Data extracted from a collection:
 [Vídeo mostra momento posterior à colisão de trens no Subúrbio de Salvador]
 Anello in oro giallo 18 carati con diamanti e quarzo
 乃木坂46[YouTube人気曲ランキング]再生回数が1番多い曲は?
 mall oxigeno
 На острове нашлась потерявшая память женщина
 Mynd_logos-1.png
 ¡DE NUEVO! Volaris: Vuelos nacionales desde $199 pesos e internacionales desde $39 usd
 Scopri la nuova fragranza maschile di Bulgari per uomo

**ASSIGNMENT**
Copy, without any change, the lines above from the one containing "mall oxigeno" to the end, both ends included. Add nothing else.

**TASK ANSWER**
 mall oxigeno
 На острове нашлась потерявшая память женщина
 Mynd_logos-1.png
 ¡DE NUEVO! Volaris: Vuelos nacionales desde $199 pesos e internacionales desde $39 usd
 Scopri la nuova fragranza maschile di Bulgari per uomo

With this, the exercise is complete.